Evolution of Volcanic Clouds from the 1993 Lascar, Chile Eruption
Heather L. Shocker
Michigan Technological University
Thesis for the Degree of M.S.
Abstract. The 19-23 April 1993 volcanic clouds from Lascar volcano, Chile were studied with the AVHRR and TOMS satellite instruments.
The major ash and gas producing eruption occurred 29 hours after the onset of activity.
AVHRR detected a fine silicate ash cloud for four days and TOMS detected an SO2 cloud for 3 days as they moved ESE over the South American continent and Atlantic Ocean.
The maximum amount of fine silicate ash (<15 micron radius) was 4750 kt, detected 45 hours after the onset, and the mass decreased to 430 kt 24 hours later.

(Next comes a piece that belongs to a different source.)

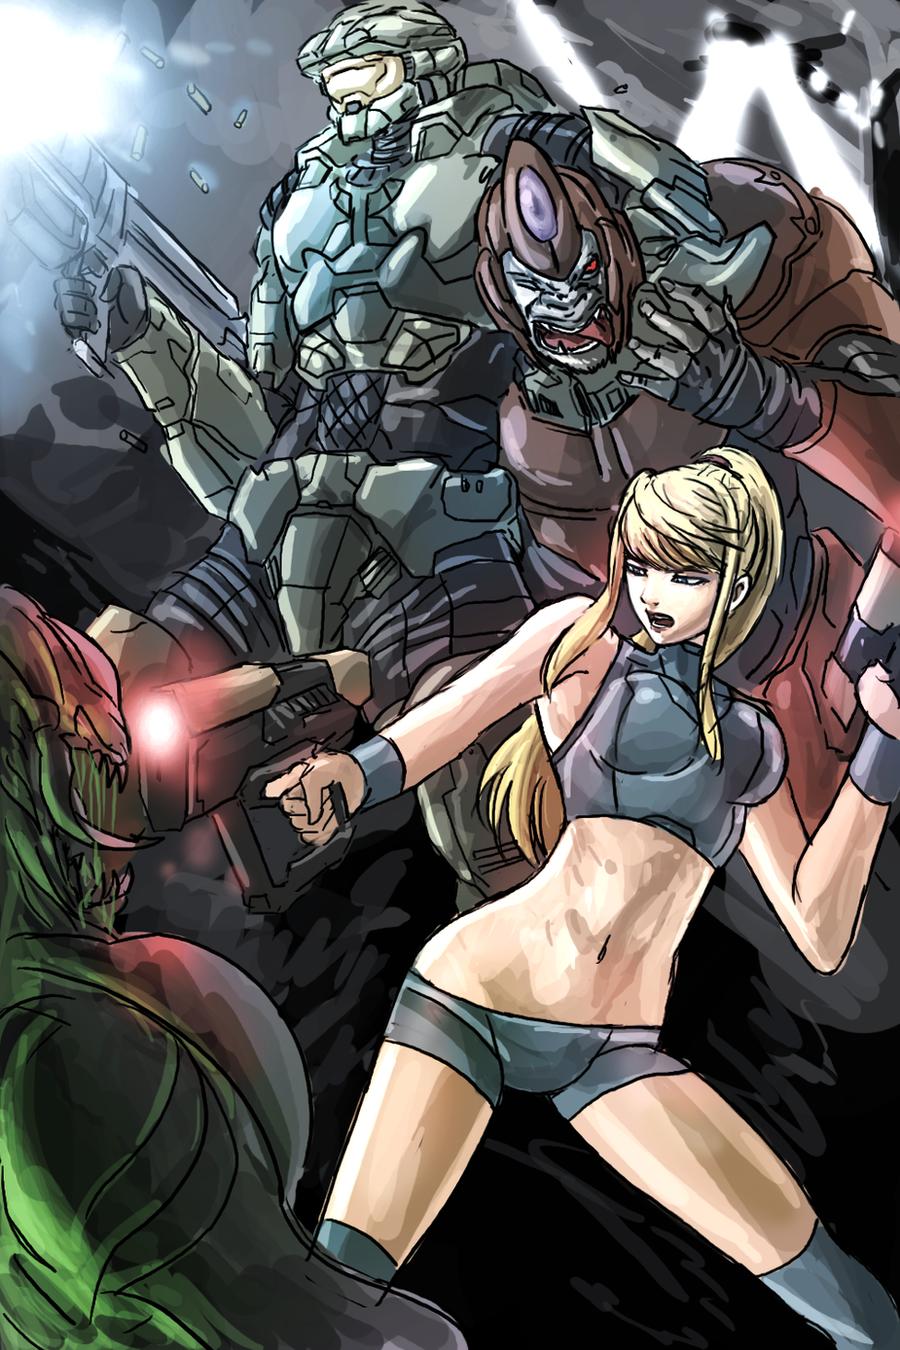 Samus Spartan teamwork by Frost7

The maximum amount of SO2 detected was 300 kt, 40 hours after the onset and this mass decreased to 125 kt 47 hours later.
The rate of decrease of the sliciate ash was faster than the SO2 with ash to SO2 mass ratios of 17:1 45 hours after the onset and 3:1 69 hours after the onset.
Extrapolation of the sulfur massess back to the time of emission give an estimate of 450 kt of SO2.
The amounts of sulfur dioxide released by the eruption are over two orders of magnitude more than would be expected by the volume of magma emitted (0.13 km^3) and the likely pre-erupted sulfur content.
Average rates of movement of silicate ash and SO2 clouds were determined in two segments as they drifted 1) 1700 km from the vent across the continent and 2) an additioal 800 km across the ocean. The silicate ash moved at an average rate of 20 m/s decreasing to 5 m/s over the continent and later increasing to 25 m/s over the ocean. By comparing cloud trajectories and radiosonde wind data, the silicate ash was constrained to heights of 8-10 km and the SO2 to heights of 12-15 km. This indicates a separation between the ash and gas components of the volcanic cloud. It is proposed that the separation can be explained largely by gravitational settling of the silicate ash. The terminal velocities of the silicate ash particles, which have a 6-9 micron effective radius, are sufficient to explain the 2-7 km height difference between the two components. These effective radii are larger than measured particle radii from other eruptions, suggesting a faster silicate fallout rate of the Lascar volcanic cloud.